Obamacare Threatens Indiana’s Successful HSA Program

Published May 31, 2016


After the passage of President Obama’s health care reform legislation, Indiana Gov. Mitch Daniels (R) announced the state’s successful experiment with health savings accounts (HSAs) may have to be dropped entirely.

According to a spokesperson, Daniels’ office is still analyzing the impact the new legislation will have on state employee HSAs, specifically whether the program meets new federal “qualified coverage” standards, because HSAs require patient cost-sharing in every transaction.

“There were so many better ways to do this [federal health care bill], which would empower Americans as the Healthy Indiana Plan does for over 50,000 low-income Hoosiers, to look after their own health care, could’ve given them the tax benefit now given to employers, as opposed to a nationalized system we will now be forced to move into,” Daniels said at a press conference the day after the legislation passed the U.S. House of Representatives.

“Very Unfortunate”

Daniels’ office is attempting to find a way to maintain the popular program, but John Graham, director of health care studies at the Pacific Research Institute in San Francisco, believes the state will most likely have to end it.

“It is very unfortunate,” Graham said. “For Gov. Daniels in particular, it is very unfortunate. And for those in their low-income sector program—they are probably going to have to close up the HSAs on that—I hope those people will be okay on the new Medicaid.”

Government Controlling Health Dollars

While Graham is not yet willing to completely swear off the possibility Indiana will be able to keep its program, he notes U.S. Secretary of Health and Human Services Kathleen Sebelius, along with the new Health Czar, will determine what constitutes qualified coverage.

“One can anticipate that these officials will not like people controlling their own health care dollars—they want the government controlling that spending,” Graham said. “The rationale they will use will be through what the new law says regarding medical loss ratios. One of the main differences with HSAs and small groups is the medical loss ratio—5 percent higher in HSAs—because the costs of administering the health plans are largely fixed, so if you get less money being laundered through the insurance plan, and more money in the health savings account, the worse-looking the medical loss ratio. The classic PPO is somewhere in the middle.”

Ultimately, Graham does not think these officials will rule in favor of Indiana’s HSA program.

“I can say with great confidence that the Secretary of Health and Human Services and the new Health Czar are going to eliminate these programs based on HSAs and flexible spending accounts, and if they cannot do it outright on their own, they will likely pressure Congress to pass a law doing so,” Graham said.

Need to Spend Now

Jody Dietel, who helps run Wage Works, a San Mateo, California-based company focused on providing flexible spending accounts to large organizations across the nation, notes Obamacare is going to force many families and individuals with health savings accounts to accelerate their health care spending.

“These spending accounts are capped at $2,500 beginning in 2013, so consumers are going to need to really begin thinking about their health care expenses plan, especially if they have a family,” Dietel said. “Do you do your medical procedures this year or next year? People are going to have to accelerate those things like getting braces, lasik eye surgery, getting a dental bridge, those things.
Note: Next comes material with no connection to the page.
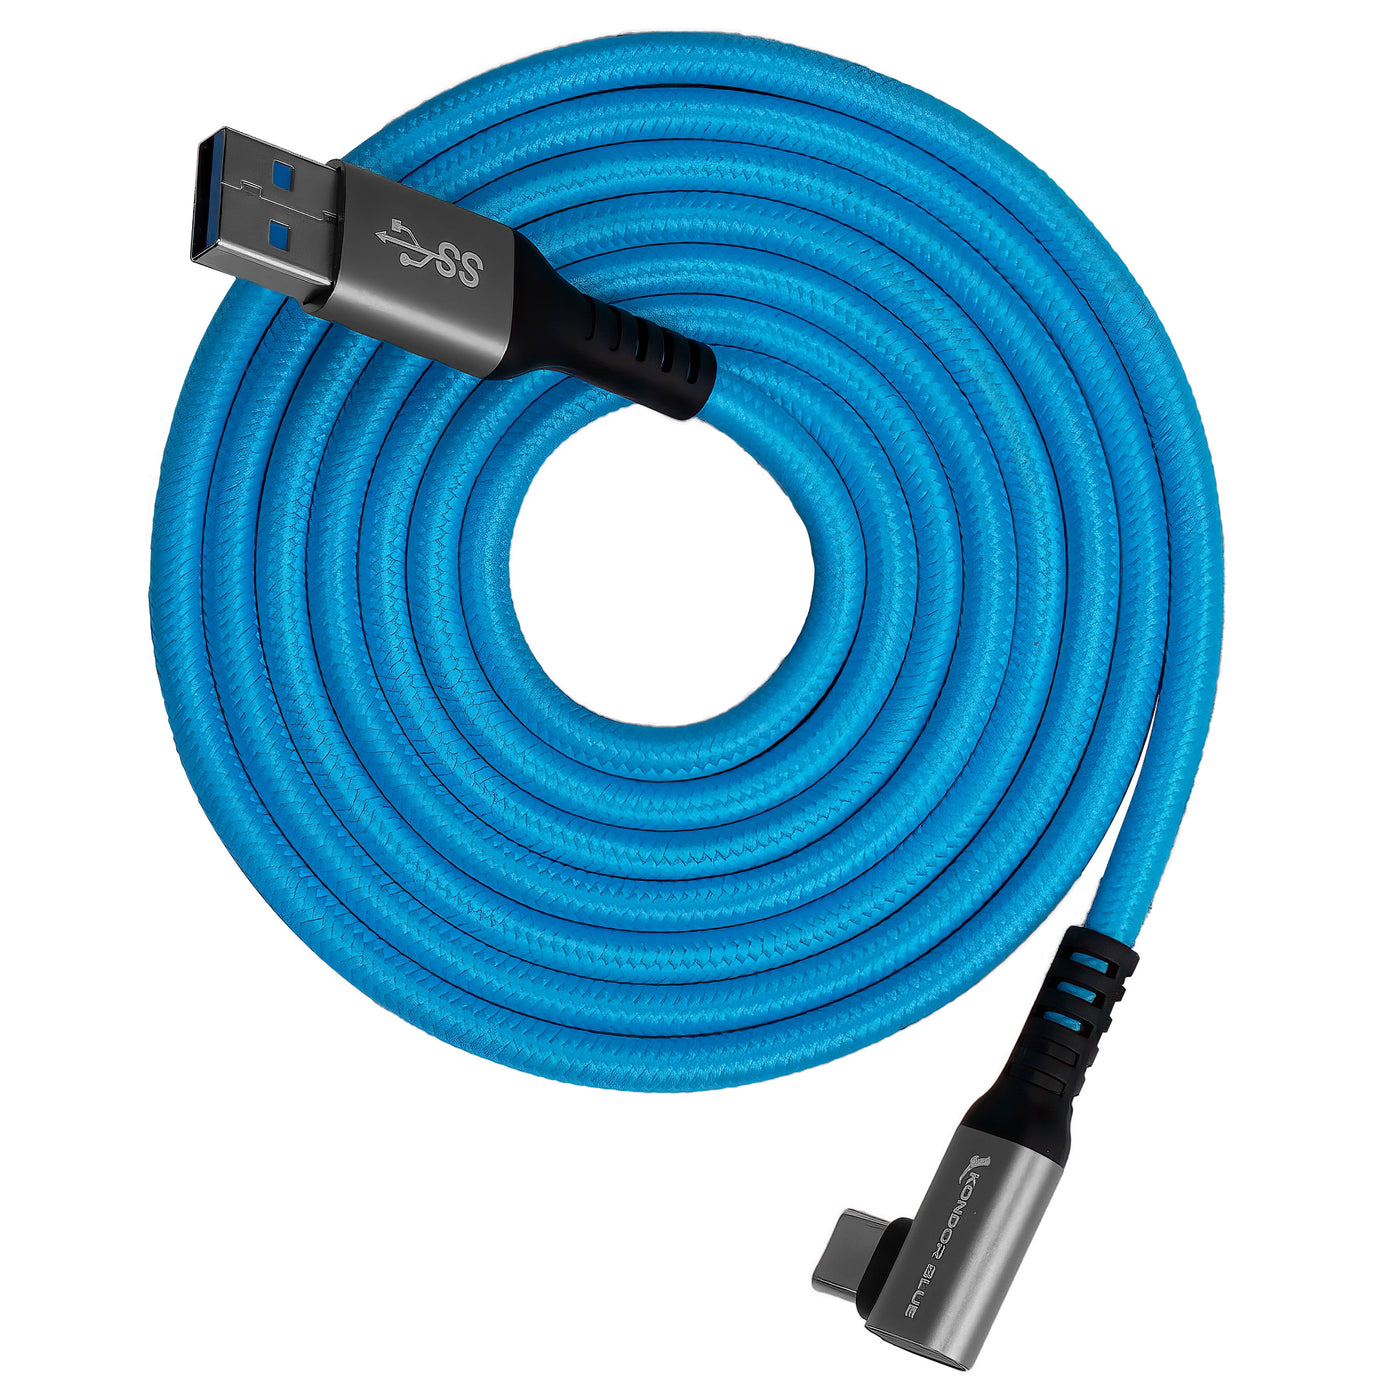 Thunderbolt 4 USB Type-C Charging & Data Transfer Cable – Kondor Blue

In the next few years, employees are going to have to capitalize their pre-tax dollars for eligible expenses.”

Dietel hopes the Healthy Indiana program will continue, and he hopes it will spread to other states as a successful pro-consumer model.

“It has been a brilliant experiment in Indiana, and it should be expanded. Consumer-directed accounts are part of the solution to the health care crisis,” said Dietel. “Consumer-directed accounts demonstrate, generally, better compliance with treatment regimes with chronic illnesses, and are more tax-effective—families do not have to make the choice between feeding the family or seeking health care treatment, as HSAs provide access to pre-tax dollars.”

Thomas Cheplick ([email protected]) writes from Cambridge, Massachusetts.